Production-grade testing of seid at real-world state size — pacific-1's IAVL depth, contract cardinality, account distribution, in-flight gov state — is structurally hard. Existing options fall short:

- State-bloat seeder on harbor (synthesized state) leaves a "your shape isn't really pacific-1" gap that defeats the point.
- `seid export` + state surgery on x/staking + x/distribution + x/slashing + bank balances was scoped at 1–2 weeks with high probability of "boots and halts at block 1–10."

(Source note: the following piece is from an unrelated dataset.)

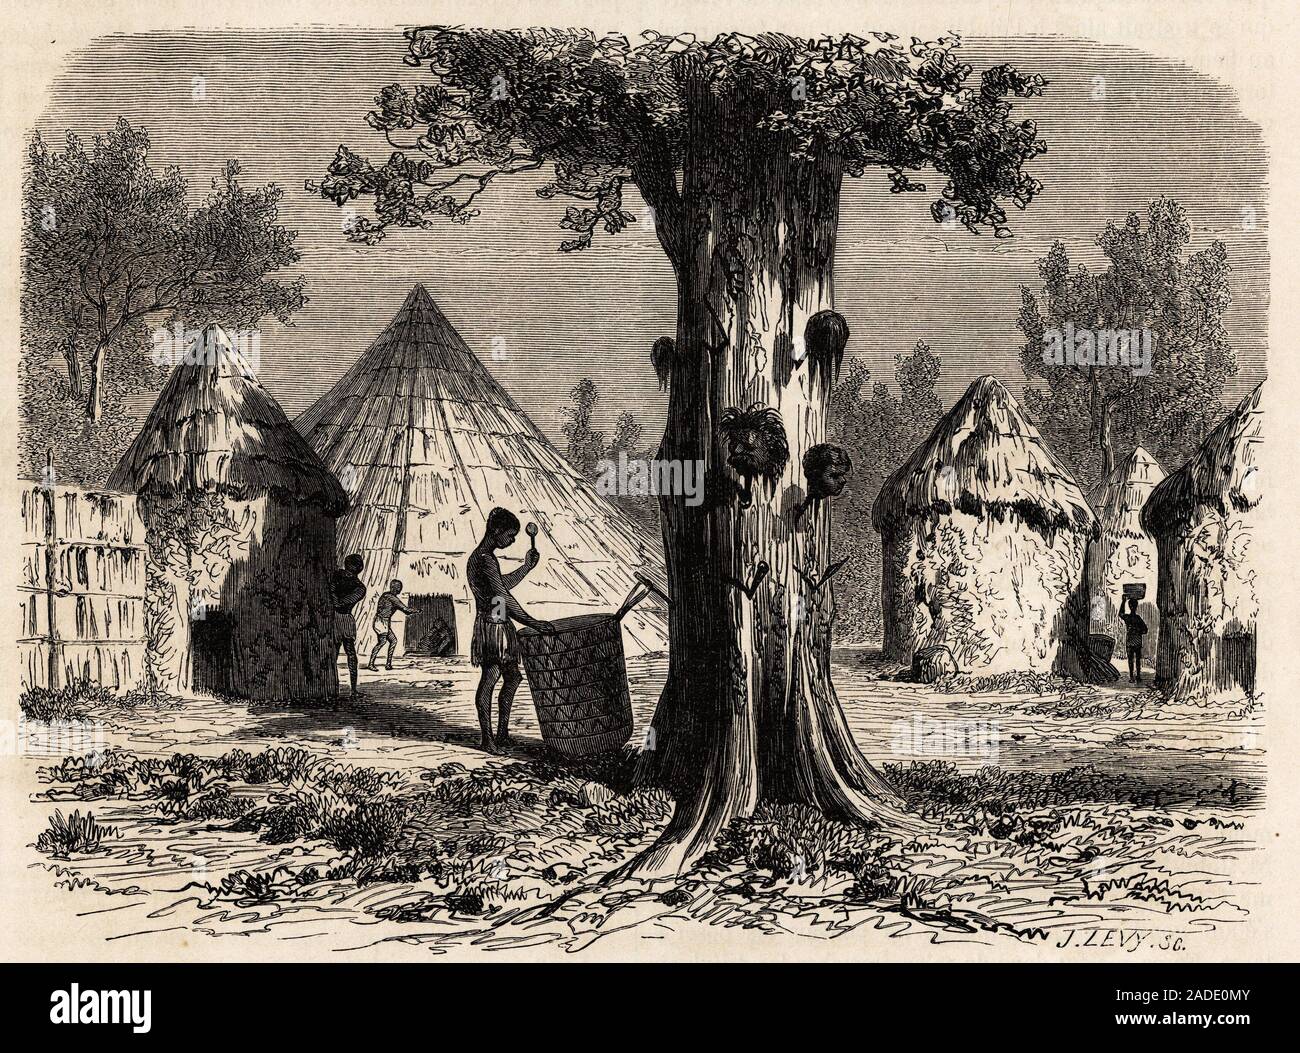 L'arbre de la guerre, dans un village Djour, region de Bahr-el-Gazal ( Bahr el Gazal) au Soudan, dessin de Karl Girardet (1813-1871) pour illustrer le Stock Photo

The team needs a build of seid that boots from any chain export, runs all prod code paths with full validation work performed, and converts halting mechanisms (consensus failures, cryptographic state mismatches, module-genesis invariant panics) into log+counter events. Operators see *what* diverged (actual hash values, actual invariant mismatch magnitudes), not just that something did. The chain "continues happily" so unique testing scenarios can run against real prod state with diagnostic signal preserved.

## Impact

Eliminates the "your synthesized shape isn't really pacific-1" objection that has been blocking real-state load testing. Unlocks reproducible chaos scenarios against actual mainnet state for performance evaluation, behavior probing, and pre-release validation — at the cost of one well-isolated build target.

## Relevant experts

- sei-tendermint owners — Layer 1 refactor of `ConsensusPolicy` interface and validation paths (M1)
- sei-cosmos x/staking + x/distribution module owners — Layer 2 panic-site signoff (M3)
- sei-chain x/evm + x/oracle module owners — Layer 3 module audit (M4)
- Build system / CI owners — Makefile + Dockerfile + image-tag work (M5)
- Platform team — first lab smoke test orchestration (M6)

## Proposed approach

Six milestones, deliverable as separate reviewable PRs. **Pattern: per-package `//go:build mock_chain_validation` variant files in every layer** (matches the existing `mock_block_validation` precedent in sei-tendermint; compile-time gate, no API signature changes).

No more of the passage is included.